Let $f \in C^1(\mathbb{R^n})$ be a given function with $f(0)=0$ and $ ∂_1f(0) \neq 0$.

Show that there exist neighbourhoods $U$ and $V$ of $x=0 \in \mathbb{R^n}$ and a diffeomorphism $\phi: U \rightarrow V$, such that $f(\phi(x))=x_1$ for all $x=(x_1,...,x_n) \in U$.

I do not know how to tackle this problem. Any hints are welcome.


I'll write points in $\mathbb R^n$ as $(x_1,x'),$ with $x_1\in \mathbb R, x'=(x_2,\dots , x_n)\in \mathbb R^{n-1}.$

Define the map

$$\psi(x_1,x') = (f(x_1,x'),x').$$

Then $\psi(0) = 0.$ Consider the matrix of $D\psi(0).$ The first column is $\partial f/\partial x_1 (0)$ at the top, followed by all $0$'s.

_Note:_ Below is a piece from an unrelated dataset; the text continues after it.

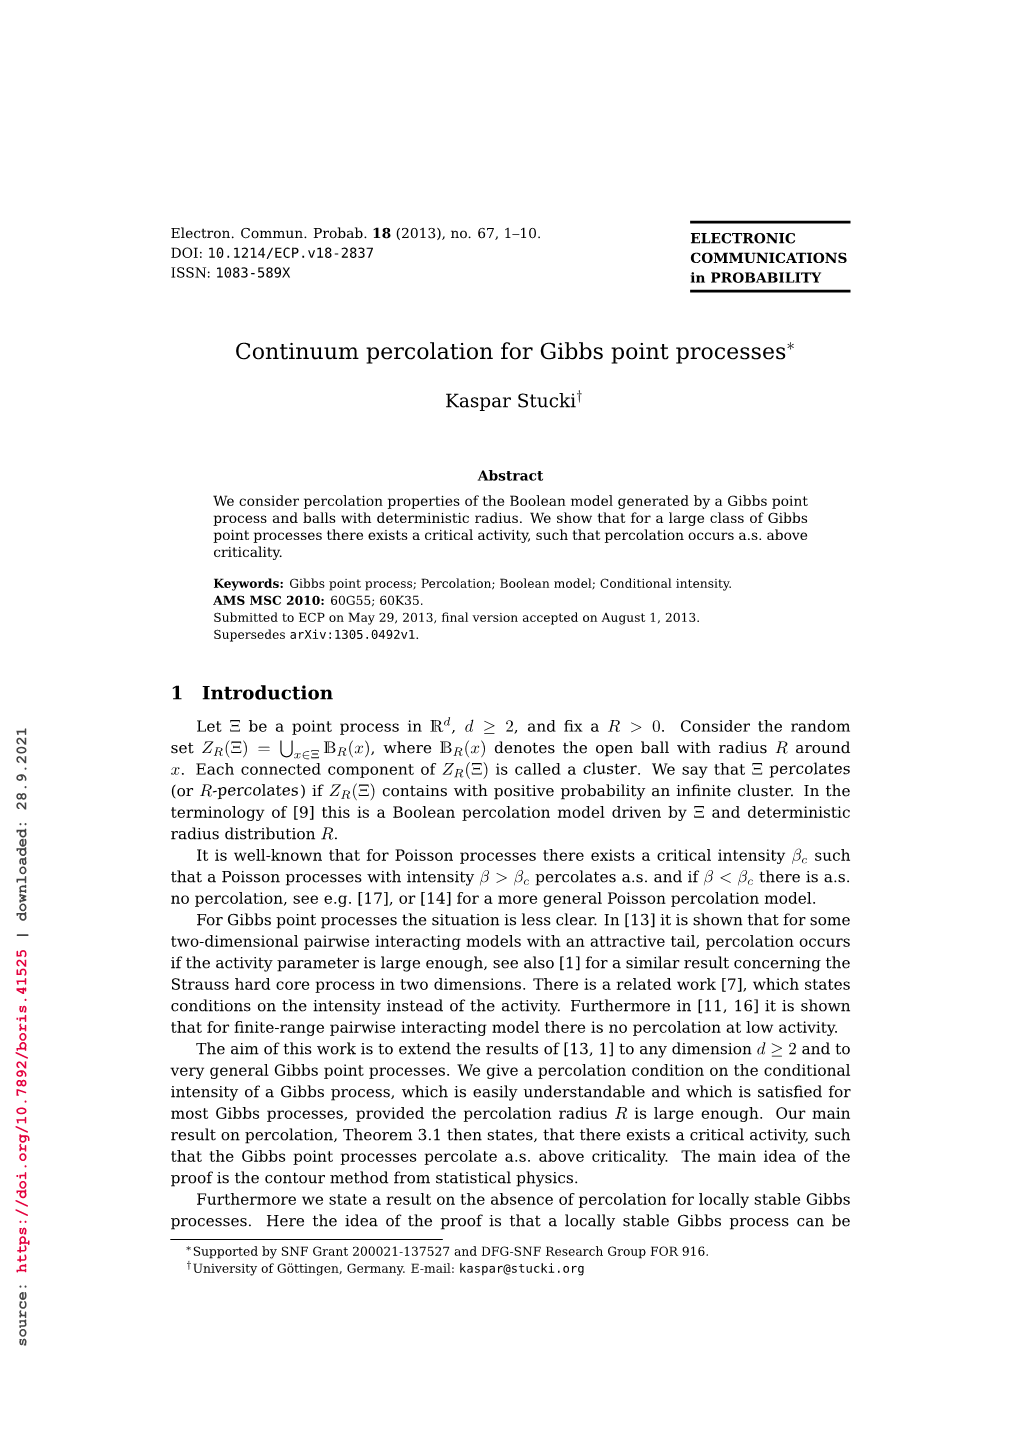 Continuum Percolation for Gibbs Point Processes Dominated by a Poisson Process, and Then We Use the Percolation Results Available for Poisson Processes
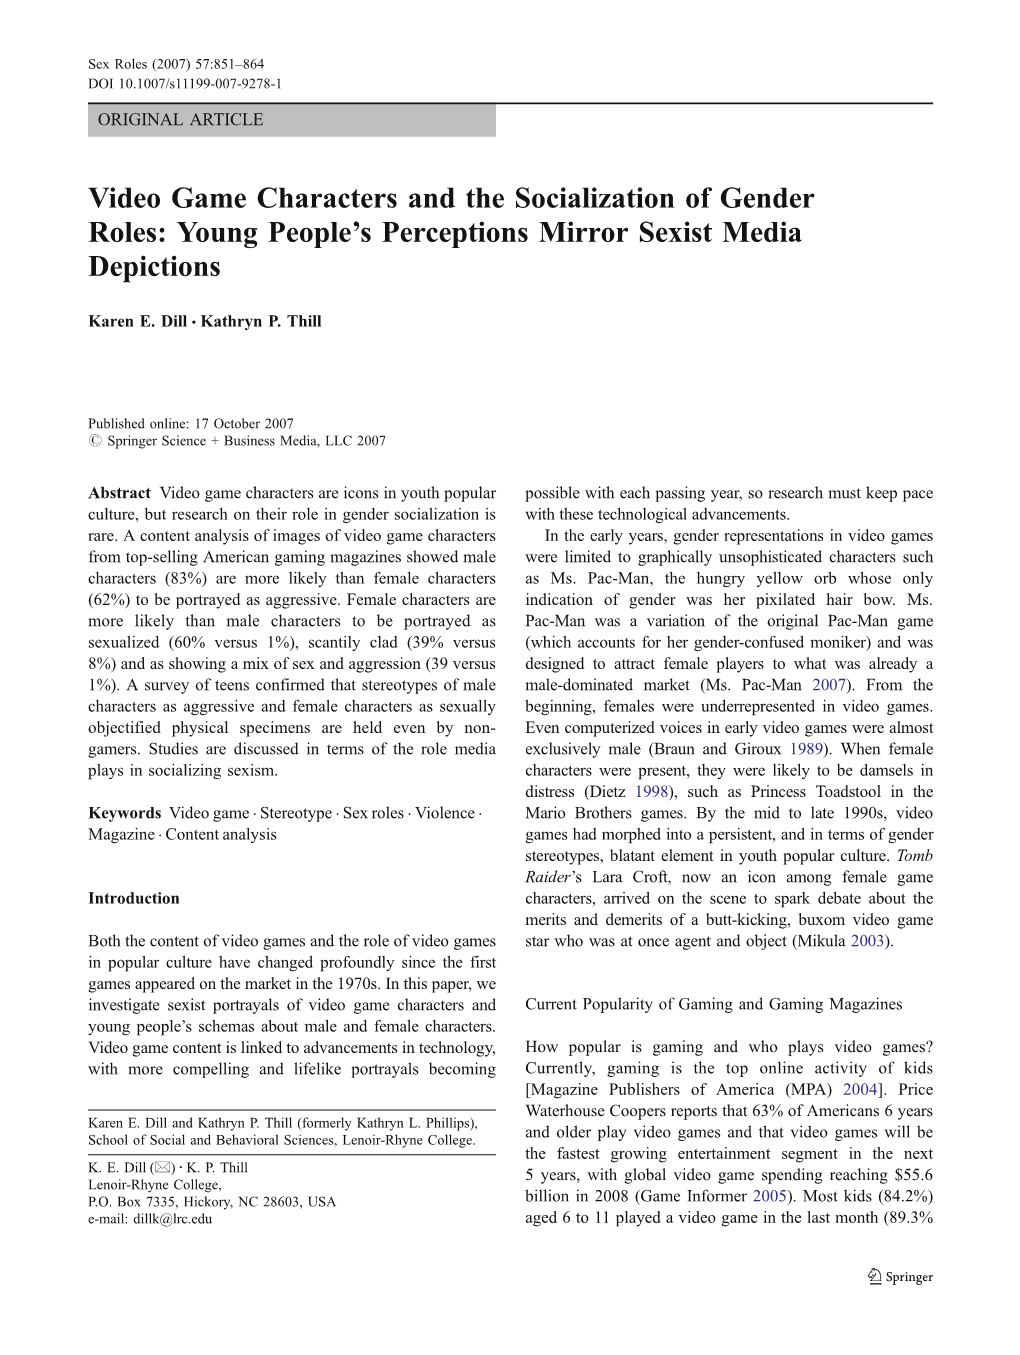 Video Game Characters and the Socialization of Gender Roles: Young People’S Perceptions Mirror Sexist Media Depictions

The second column is $\partial f/\partial x_2 (0)$ at the top, followed by a $1,$ then all $0$'s. The third column is $\partial f/\partial x_3 (0)$ at the top, followed by a $0,$ then a $1,$ then all $0$'s. Etc. Because $\partial f/\partial x_1 (0)\ne 0,$ these columns are linearly independent. Hence $D\psi(0)$ is nonsingular.

Now we can apply the inverse function to see that there are neighborhoods $U,V$ of $0$ such that $\psi: U\to V$ is a diffeomorhism. It's the diffeomophism $\psi^{-1}:V\to U$ that we want. To verify this, let $(x_1,x')\in V.$ Then

$$(x_1,x')= \psi(\psi^{-1}(x_1,x')) = (f(\psi^{-1}(x_1,x')),x').$$

Thus $f(\psi^{-1}(x_1,x'))=x_1$ for all $(x_1,x')\in V,$ as desired.